American College Of Surgeons - Inspiring Quality: Highest Standards, Better Outcomes

Reducing SSI Resources

Resources Used and Skills Needed

  • No additional staffing resources were needed; existing staffing levels used.
  • The new dressings have added costs of $35,000 per year.

What Were the Results?

VGH Cardiac surgery SSI NSQIP rates started to fall dramatically after implementing the new dressings and protocols. Our rates fell from 7% to 1.6% over 9 months. Cardiac SSI rates are tracked both by NSQIP and with tradition methods (infection control nurse tracks patients for 90 days). Since July 2013, only two sternal infections have been recorded. No sternal infection was observed for eight consecutive months from July 2013.


The barriers to implementing this program are largely other priorities that are competing for staff’s time. We extended our goal date to reflect these competing priorities.

The infection control nurse captured 4 harvest upper leg SSIs that were not sampled in NSQIP. These infections happened within a two week time frame. These cases were discussed with the team.

Cost Savings

The money invested is the cost of the new dressings is estimated to be $35,000 year.

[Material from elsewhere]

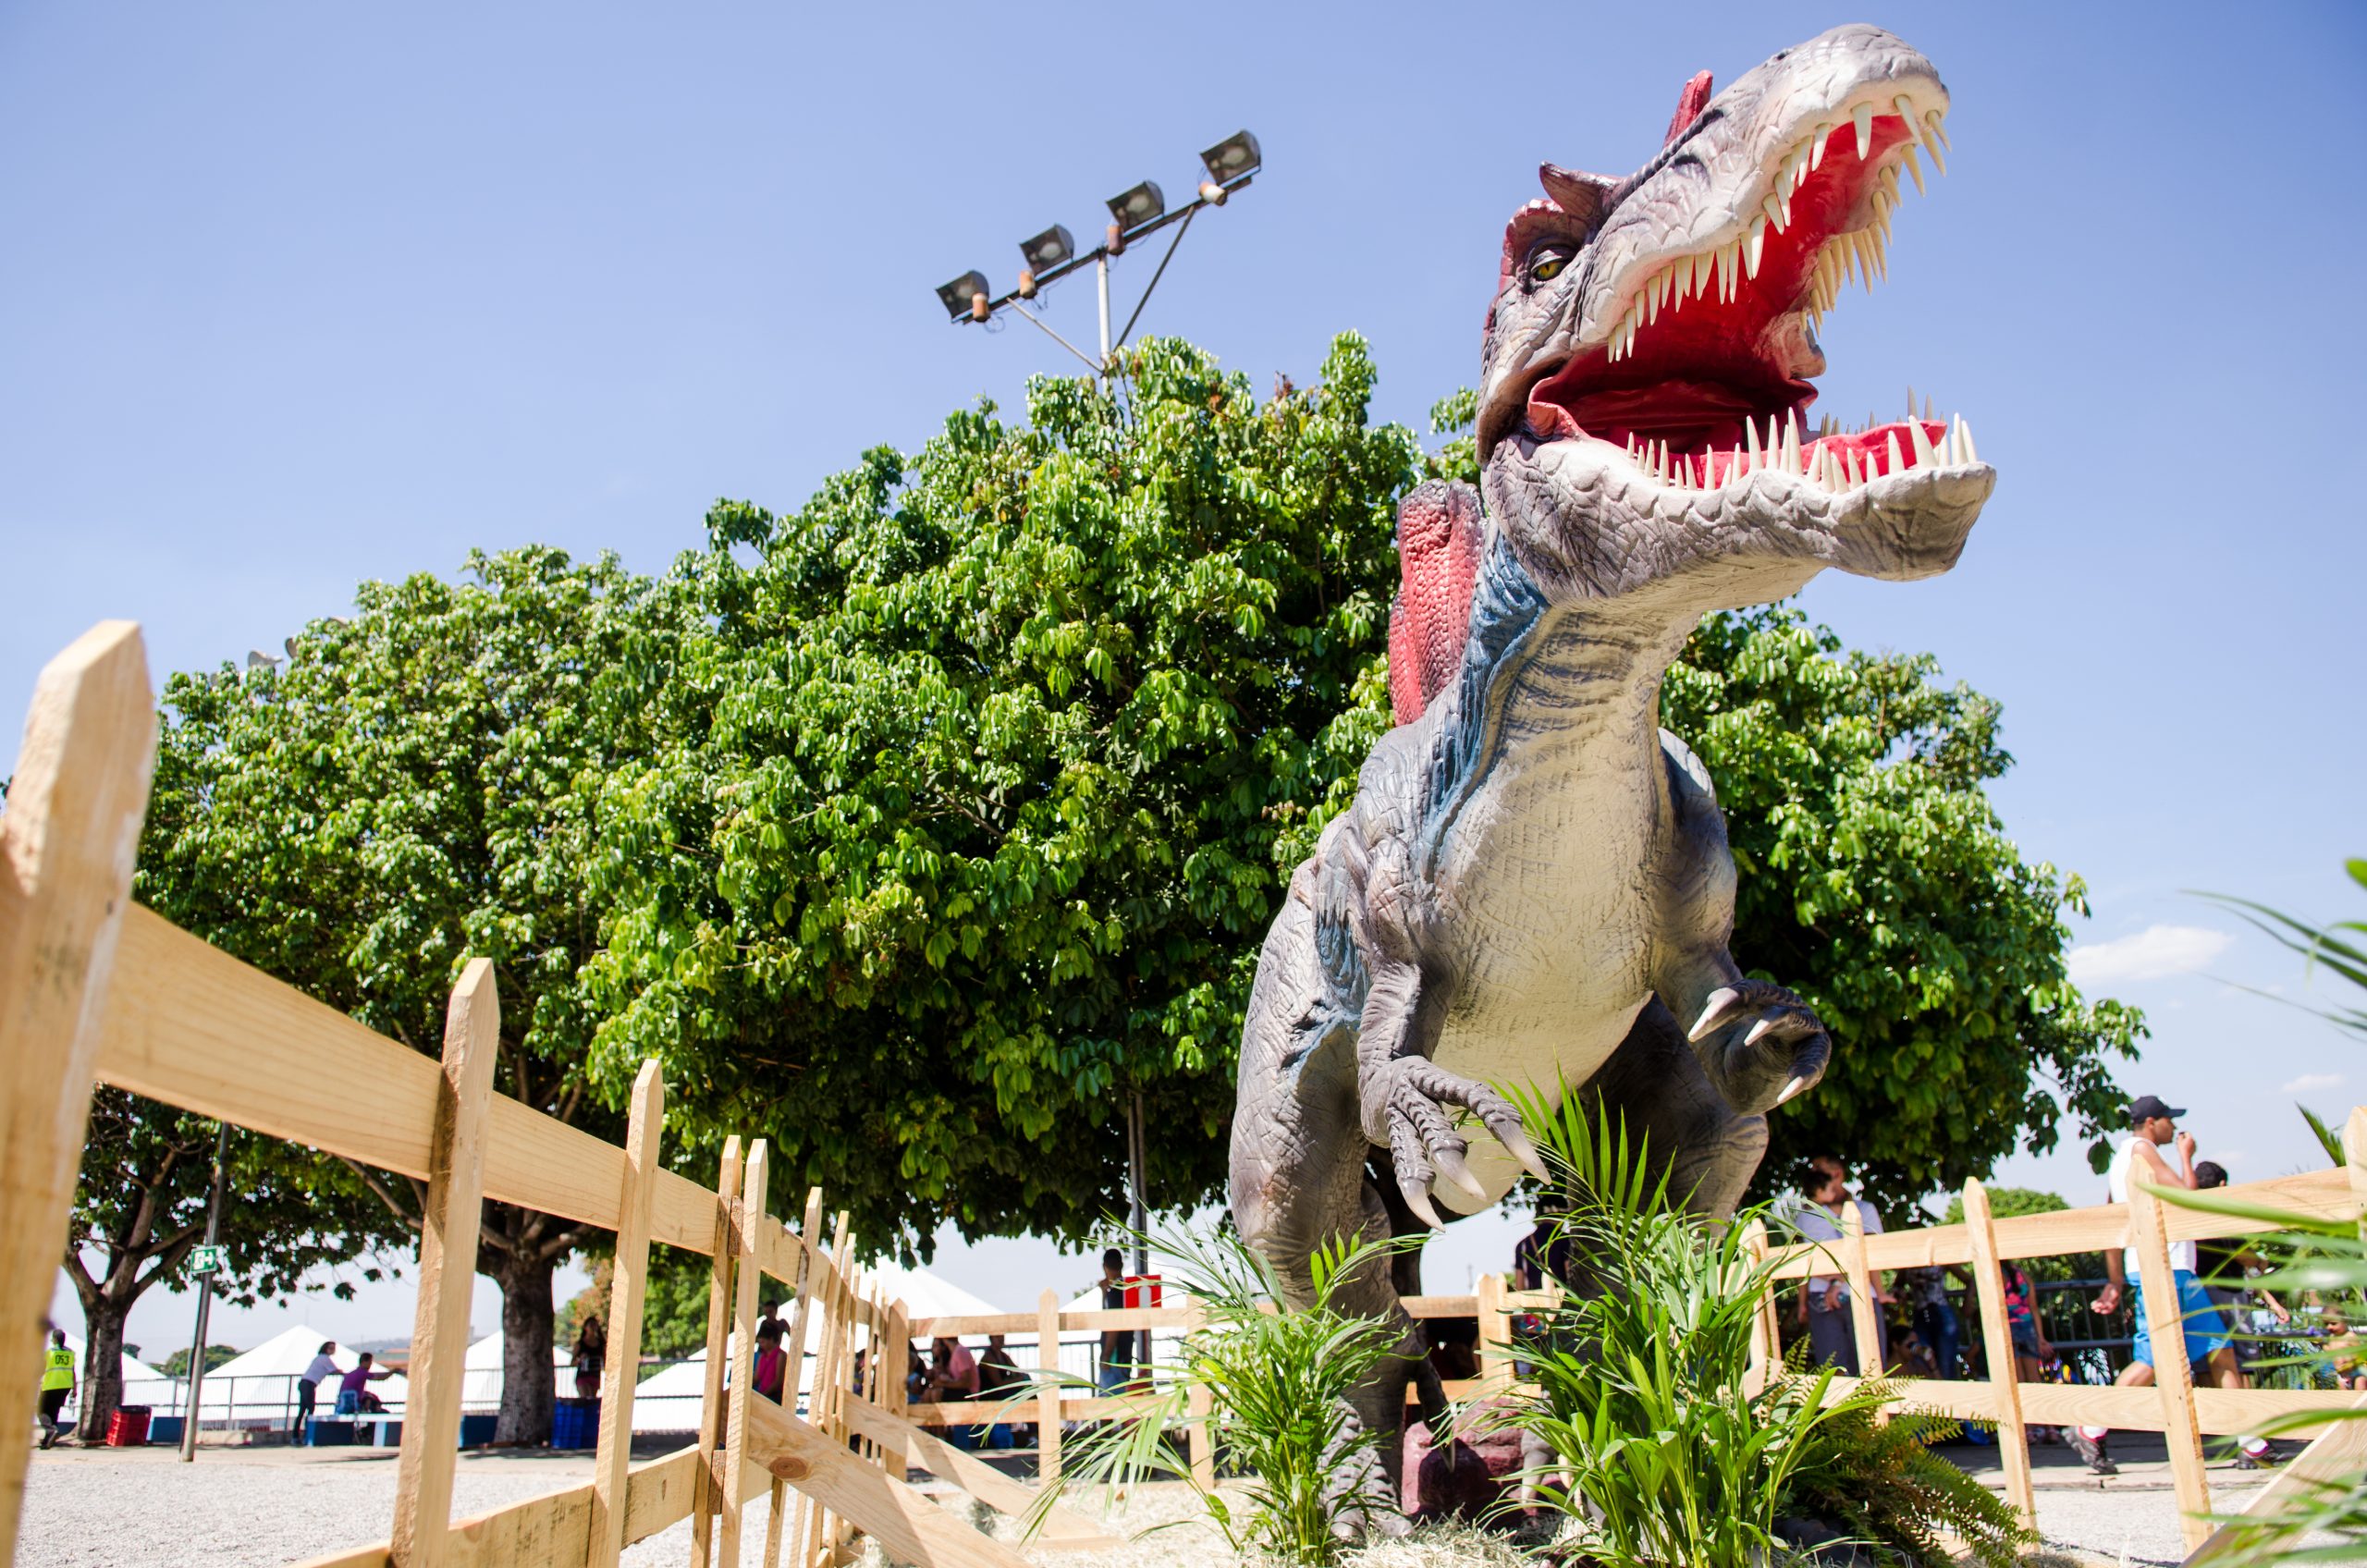 Shopping Iguatemi Bosque recebe exposição “Mundo Jurássico” com réplicas de dinossauros em tamanho real

Our hospital estimates that a cardiac surgery SSI costs approximately $30,000 per event. In the last year, we have an estimated cost avoidance of approximately $300,000.

Tips for Others

  • The manager from the surgical unit was very supportive of our quality improvement initiative and encouraged front line leaders and ward staff to attend the monthly meetings. The head of anesthesia has encouraged his team to attend the meetings. The surgeons are unable to attend mid day meetings but are engaged in the process.
  • Monthly meeting minutes were communicated to the team.
  • There is an information board on the Cardiac Surgery Intensive Care Unit and the Cardiac Ward that shares the progress of our work and the changes in practice.
  • We have celebrated our success by presenting at a local quality forum and will be presenting our work to other cardiac sites in our region.
  • Our infection control practitioner continues to monitor all cardiac surgery inpatients and reports to the nursing leaders.
  • NSQIP rates are posted on the surgical units. Updates are provided to the frontline staff and administrators.